Rechtspraak
Rechtbank Limburg (Locatie Roermond), 13 december 2017
ECLI:NL:RBLIM:2017:12159
werkneemster/werkgeefster
Feiten
Werkneemster is op 1 februari in dienst getreden bij werkgeefster. In de arbeidsovereenkomst is opgenomen dat op de arbeidsovereenkomst het “Arbeidsvoorwaardenreglement X” van toepassing is. Op 12 april 2016 hebben werkgeefster en de OR overeenstemming bereikt over onder meer wijziging van artikel 5.4 en 5.8 van het reglement. In het nieuwe artikel 5.4 van het reglement is bepaald dat de werknemer die aan het einde van de salarisschaal zit (120%) enkel met inachtneming van het bepaalde in artikel 5.8 nog de mogelijke collectieve verhoging zal ontvangen. In artikel 5.8 van het (nieuwe) reglement is bepaald dat de eventuele collectieve verhoging geldt voor, en is beperkt tot, werknemers tot en met het 120% niveau van de salarisschaal.

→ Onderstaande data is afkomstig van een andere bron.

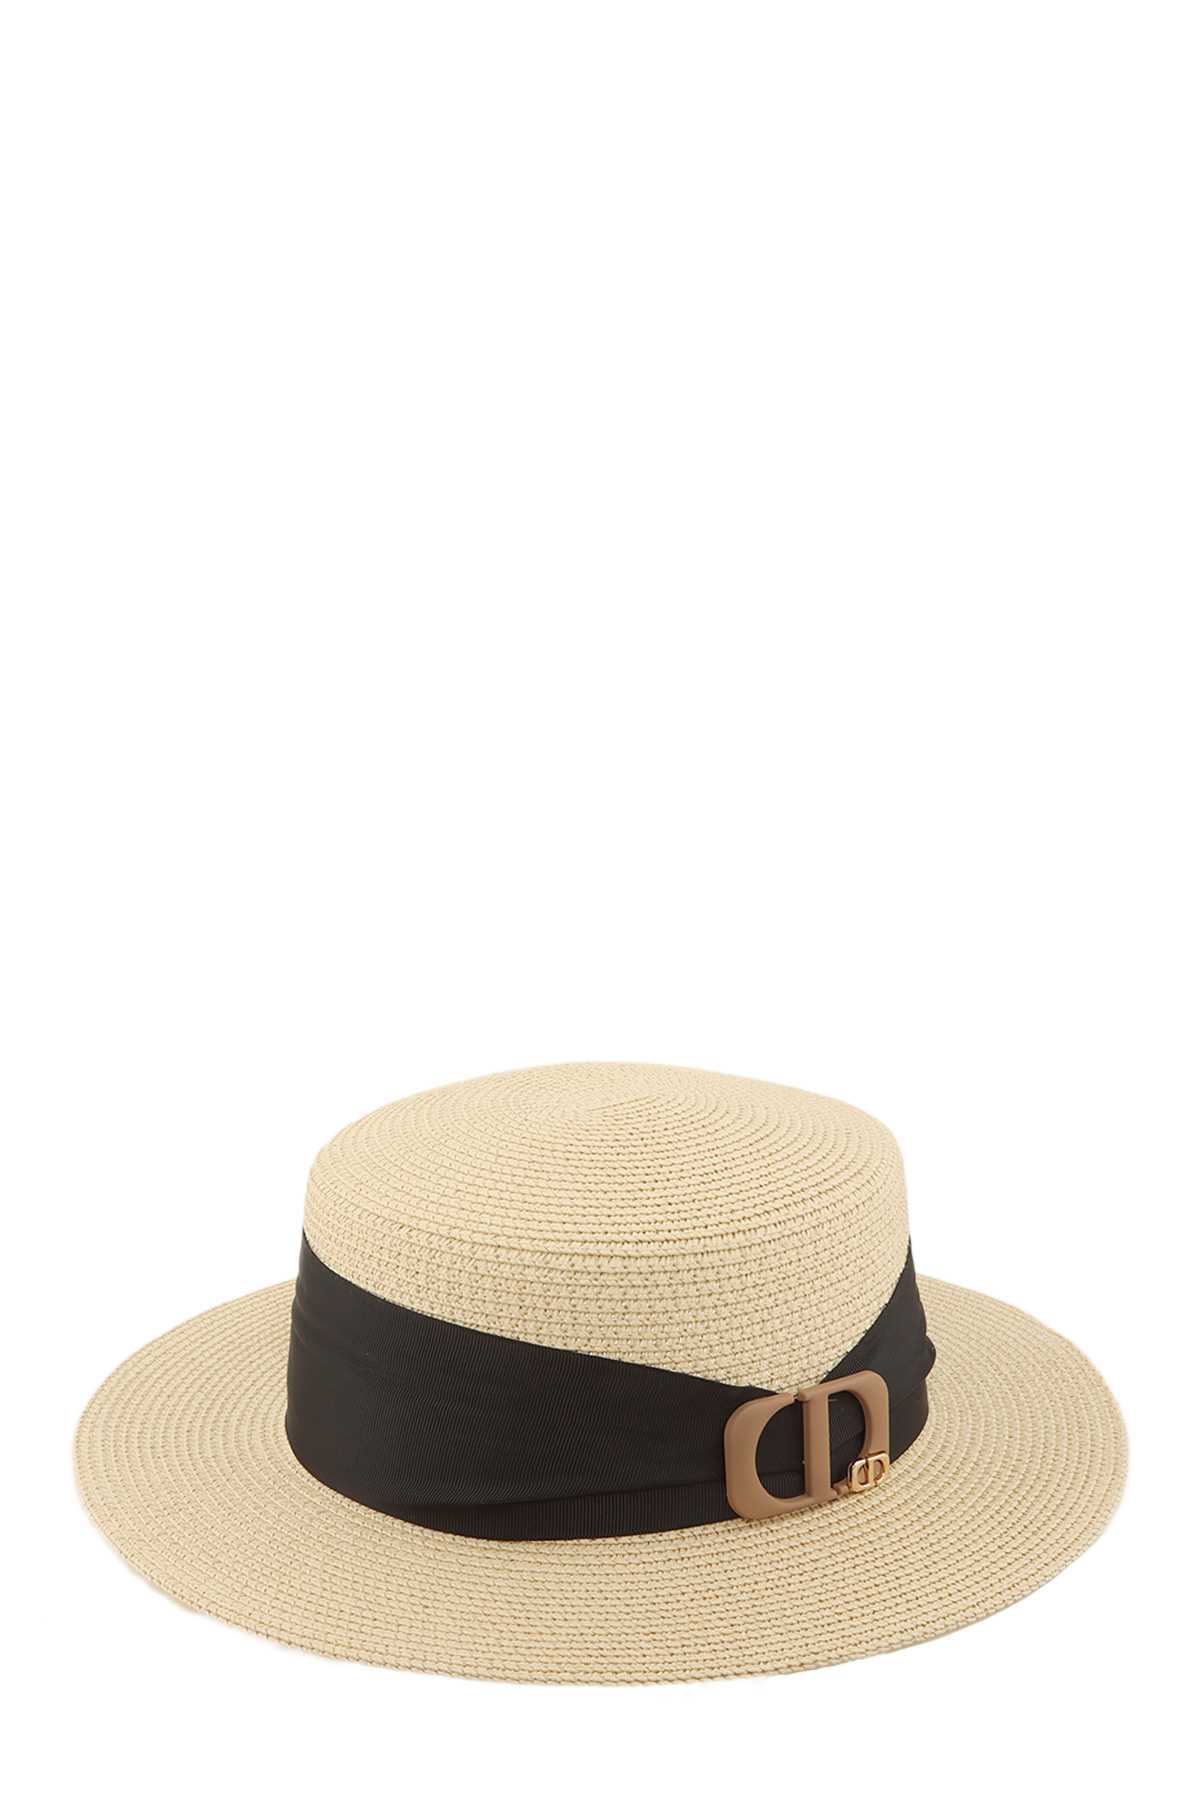 Straw Fashion Hat With CD Accent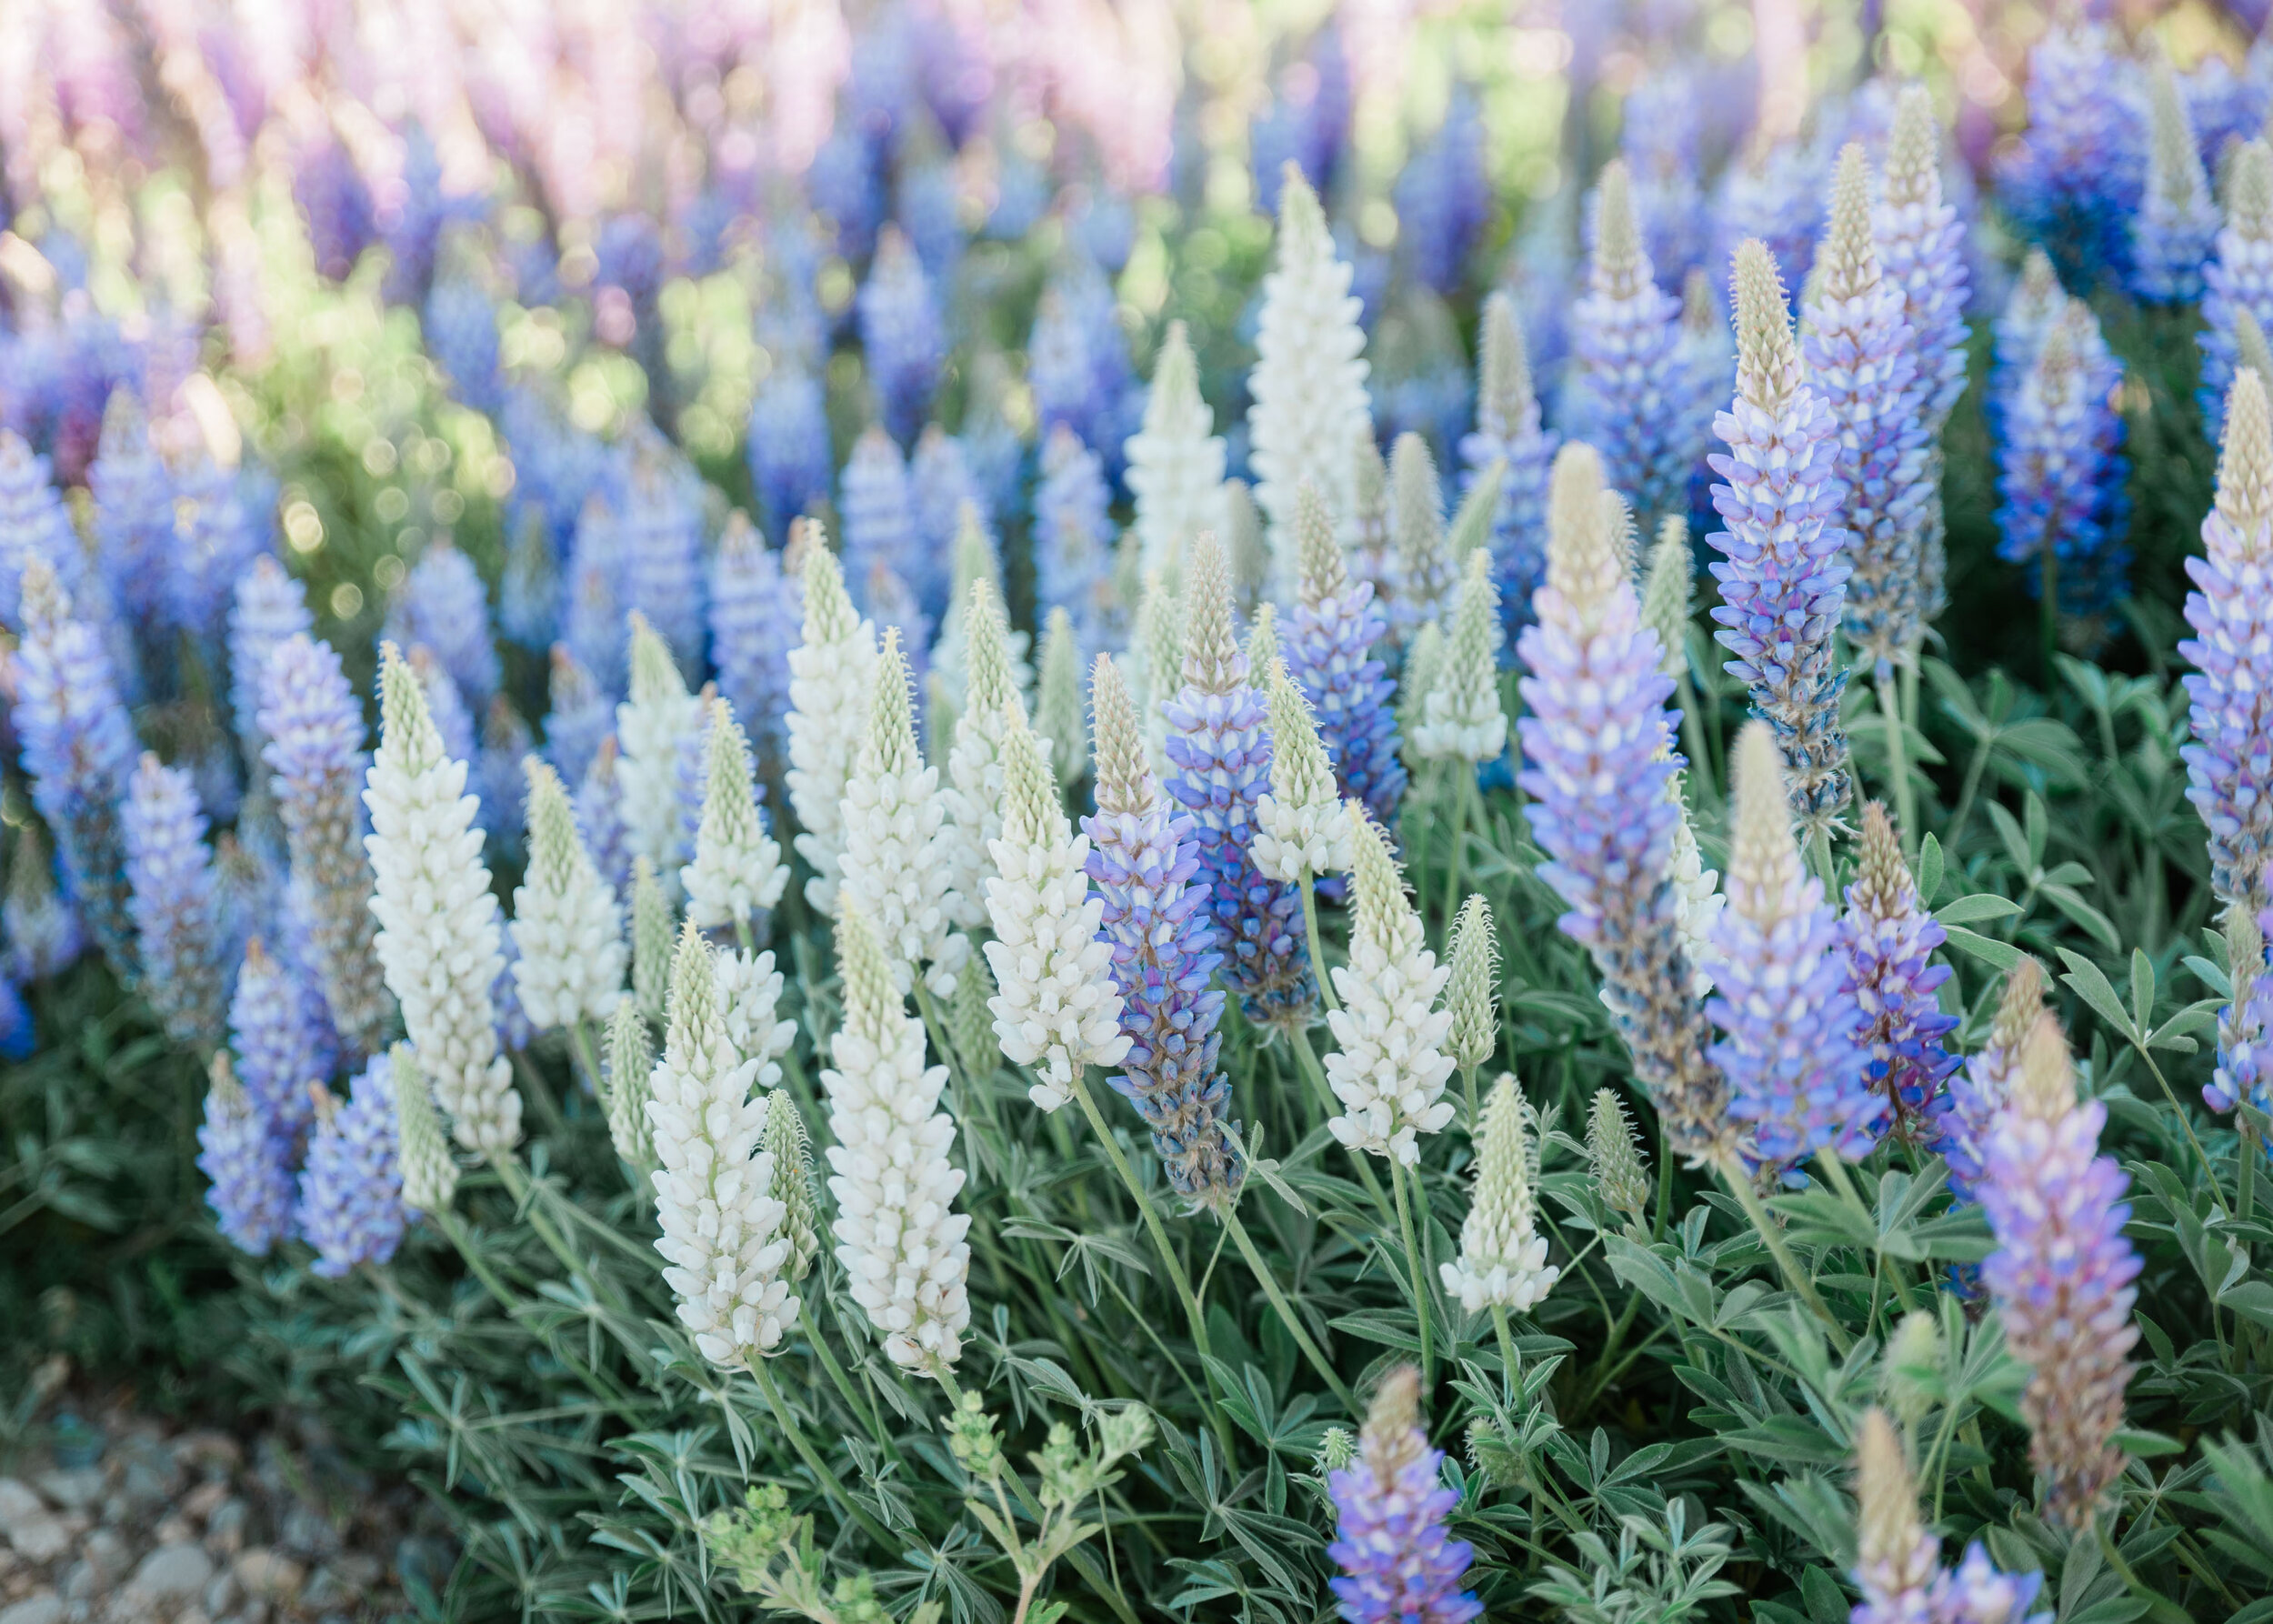 Lupine Wildflowers in Truckee, Engagement Photographers in Tahoe - Kelli Price Photography

Werkneemster start bij indiensttreding met een salaris van € 4.400 bruto per maand op fulltime basis, waardoor zij snel aan het maximale niveau van 120% zit. Als gevolg van bij indiensttreding gemaakte individuele afspraken groeit werkneemster nog door tot ruim boven het maximale niveau van 120%. In het ‘oude’ arbeidsvoorwaardenreglement is opgenomen dat alle werknemers (en dus ook werknemers die boven het 120% niveau van de salarisschaal zijn uitgestegen) aanspraak kunnen maken op de indexatie. Door de wijziging in het arbeidsvoorwaardenreglement vindt vanaf 1 augustus 2016 geen indexatie meer plaats voor werkneemster. Werkneemster vordert onder meer voor recht te verklaren dat zij aanspraak heeft op de eventuele collectieve jaarlijkse verhoging als genoemd in artikel 5.7 van het arbeidsvoorwaardenreglement 2012, alsmede achterstallig loon.
Oordeel
Artikel 17.1 van het reglement 2012 bepaalt onder meer: “Door acceptatie van het arbeidsvoorwaardenreglement zijn de werknemers, ook zonder dat een nadere instemming daarvoor nodig is, gebonden aan de in de toekomst tussen werkgeefster en de OR overeen te komen wijzigingen van het arbeidsvoorwaardenreglement. Het bovenstaande laat onverlet dat werkgever bevoegd is het in dit arbeidsvoorwaardenreglement bepaalde te wijzigen indien werkgever daarbij een zodanig zwaarwichtig belang heeft dat het belang van werknemer dat door de wijzigingen zou worden geschaad daarvoor naar maatstaven van redelijkheid en billijkheid zou moeten wijken.” Naar het oordeel van de kantonrechter dient de toepassingsvolgorde van de bevoegdheid om tot wijziging van het arbeidsvoorwaardenreglement te worden gelezen in die zin dat werkgeefster met de OR een wijziging kan overeenkomen; lukt dat niet dan bestaat voor werkgeefster nog altijd de eenzijdige wijziging als bedoeld in artikel 7:613 BW, met inachtneming van het zwaarwegend belang. De ondernemingsraad heeft op grond van de wet geen instemmingsrecht over de hoogte van de beloning. De ondernemingsraad kan bij het ontbreken van een cao overleg voeren met de ondernemer over een collectieve regeling van arbeidsvoorwaarden en met hem tot overeenstemming komen. De werkgever heeft echter na overeenstemming met de ondernemingsraad het (stilzwijgend) akkoord nodig van de individuele werknemer. In dit geval bevat de individuele arbeidsovereenkomst een zogenoemd incorporatiebeding, dat inhoudt dat bestaande en toekomstige afspraken tussen ondernemer en ondernemingsraad doorwerken in de arbeidsovereenkomst. Door ondertekening van de arbeidsovereenkomst heeft werkneemster aldus ingestemd met het arbeidsvoorwaardenreglement en daarmee dit artikel 17.1, waarmee de OR de bevoegdheid krijgt om namens de individuele werknemers met de ondernemer te onderhandelen en wijzigingen overeen te komen. En zoals hiervoor reeds is overwogen geldt dat ook voor wijzigingen ten aanzien van de primaire arbeidsvoorwaarden. Geoordeeld wordt aldus dat sprake is geweest van een tweezijdige wijziging van het arbeidsvoorwaardenreglement. Gelet op het voorgaande dient de vordering van werkneemster te worden afgewezen.